# Move if you live near this



## txdyna65 (Aug 21, 2006)

BEFORE

LAUNCH 4/14/08

AFTER

Any Questions, see below, poor bastage has no idea

*DC# 0307 3330 0001 1078 3502*


----------



## SmokeyJoe (Oct 3, 2006)

*Wow... Virginia is about to go Bye Bye!!!!* :r


----------



## rwhit37 (Mar 3, 2008)

I know someone that lives in VA.


Hit em hard!


----------



## bobarian (Oct 1, 2007)

Woohoo!!! Darn good thing I bought a lot of West Virginia land, now its all beach!:r :gn


----------



## chippewastud79 (Sep 18, 2007)

Damn, thats a lot of ammo to take out an entire state :tu


----------



## freakygar (Dec 13, 2007)

Kenny is a mad man.

Who used to live in VA????????

Hummmmmmmmm


Al


----------



## massphatness (Jan 4, 2008)

That's reVOLTing!


----------



## stearns-cl (Feb 27, 2008)

good thing im getting out of here soon, don't want to be around when this stuff goes down

stearns


----------



## Aladdin Sane (Aug 25, 2006)

Lookout :gn :gn


----------



## txdyna65 (Aug 21, 2006)

bobarian said:


> Woohoo!!! Darn good thing I bought a lot of West Virginia land, now its all beach!:r :gn


Hey I wanna come herf at the new beachouse when the fallout goes away :r



chippewastud79 said:


> Damn, thats a lot of ammo to take out an entire state :tu


Nah just one big nuke


----------



## volfan (Jul 15, 2006)

nice job, kenny. 

someone is going to feel this one.

scottie


----------



## TripleF (May 16, 2007)

Daaaang Kenny................that's serious. Someone's in for a butt whoopin' TEXAS style!! 

Go Kenny!! :cb


----------



## malinois1 (Feb 17, 2008)

massphatness said:


> That's reVOLTing!


:tpd::tpd::bn I agree!!! :r:r:r Poor Mikey! Hahahaha! txdyna65 another honoray cajun bomber? :r:mn:gn


----------



## txdyna65 (Aug 21, 2006)

I dont mind bombing you cajuns too  Just ask Joel :r

Oh that wasnt what you meant :ss


----------



## kvm (Sep 7, 2005)

Now that looks serious. My condolences to the family.


----------



## Puffin Fresh (Nov 1, 2006)

Hmmm... boonedoggle might be going bye bye.


----------



## SD Beerman (Feb 13, 2006)

That stuff just leads to more annihilation....:hn


----------



## shilala (Feb 1, 2008)

I can't wait to see this.
Kenny's Old School. :tu


----------



## MarkinCA (Jun 13, 2007)

Guess we'll be needn' a new state soon huh?:ss


----------



## Mr.Maduro (Aug 2, 2006)

It was nice knowing you.... :r


----------



## Mark C (Sep 19, 2007)

Wow. Y'all really got something against Virginia, first Volt gets pummeled repeatedly for a week and now this?

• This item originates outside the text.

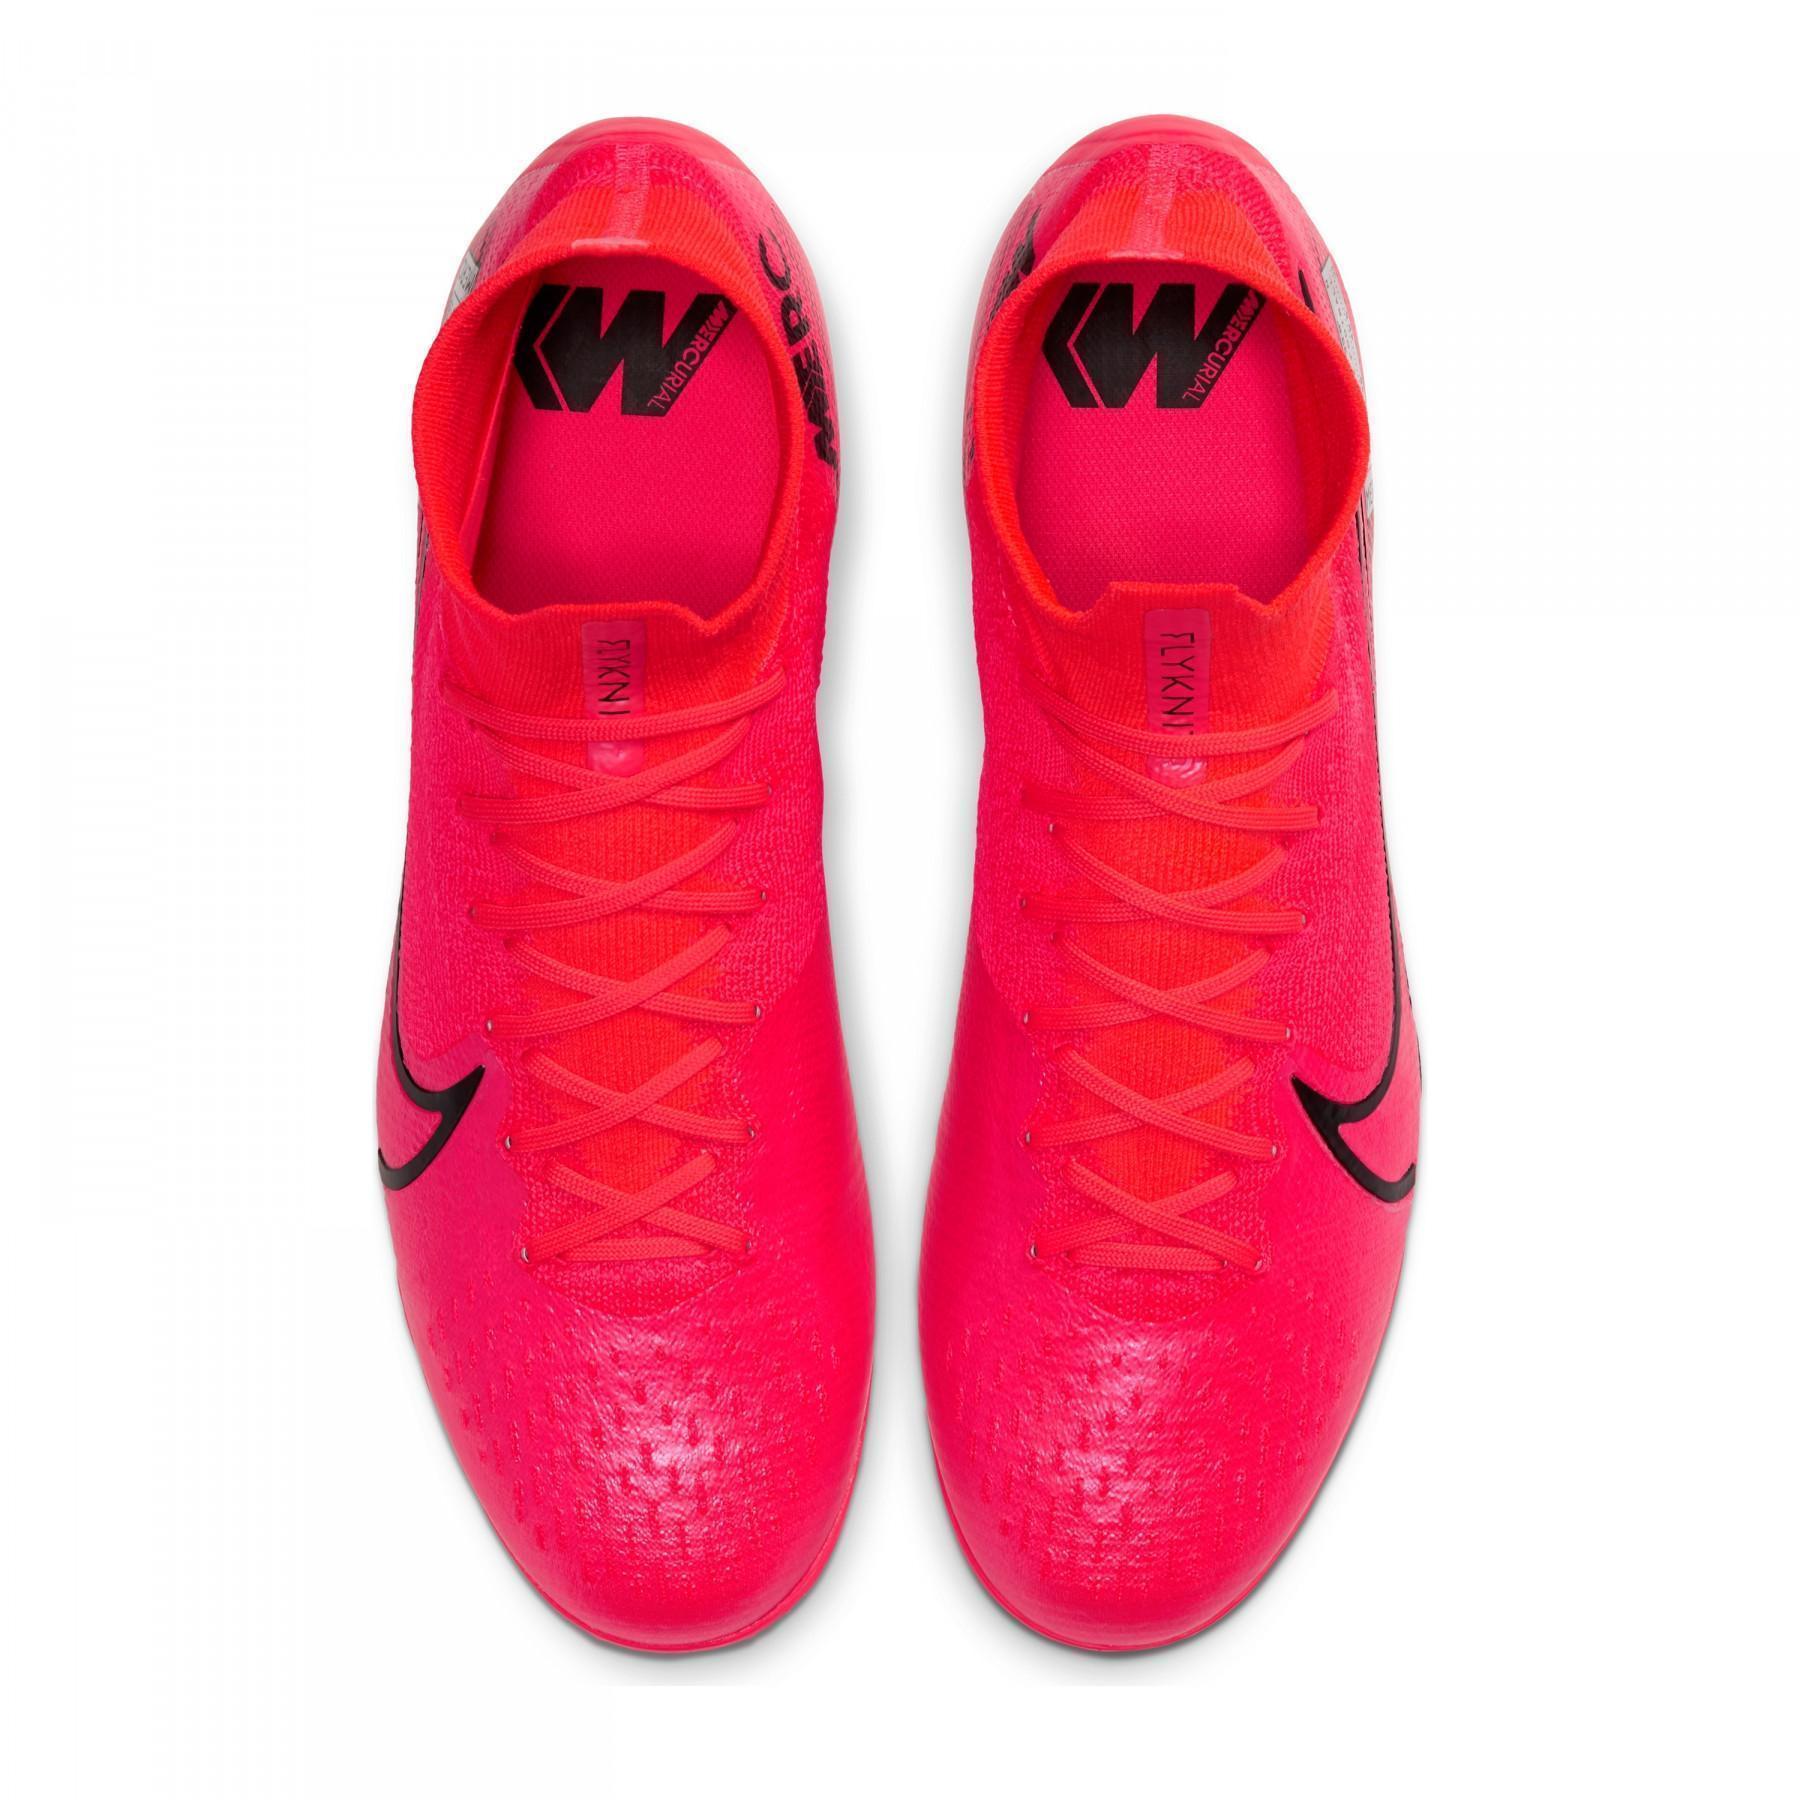 Zapatos Nike Mercurial Superfly 7 Elite TF

I guess that's ok though, make a new habitat for MD blue crabs!


----------



## EMSinTraining (Feb 23, 2007)

Do I have time to call my parents and have them evacuate?


----------



## Kidrock387 (Nov 26, 2006)

kvm said:


> Now that looks serious. My condolences to the family.


:tpd::hn


----------



## txdyna65 (Aug 21, 2006)

EMSinTraining said:


> Do I have time to call my parents and have them evacuate?


Too late, missile left Texas this morning


----------



## taltos (Feb 28, 2006)

Sorry to see Quantico destroyed.


----------



## BarneyBandMan (Mar 29, 2007)

I'll miss Virginia. She still believes in Santa Claus :ss


----------



## jmcrawf1 (May 2, 2007)

txdyna65 said:


> I dont mind bombing you cajuns too  Just ask Joel :r
> 
> Oh that wasnt what you meant :ss


Kenny scares me.

That is all :chk


----------



## Papichulo (Jan 21, 2007)

This is awesome. I better stay away from VA for a while.:cb


----------



## malinois1 (Feb 17, 2008)

Your item was delivered at 11:40 AM on April 16, 2008 in ASHBURN, VA 20147. 

Can't wait to see the destruction!! :ss


----------



## MarkinCA (Jun 13, 2007)

I heard emergency vehicles were now enroute to the location of impact...What's left that is...:ss


----------



## Aladdin Sane (Aug 25, 2006)

This one might just be a fatality.....Kenny don't F around :gn

Whoever you are may God be with you....and....CONGRATS! :ss


----------



## txdyna65 (Aug 21, 2006)

It landed today 

http://www.clubstogie.com/vb/showthread.php?t=151069

Im sure it will take him awhile to recoup from this one :r


----------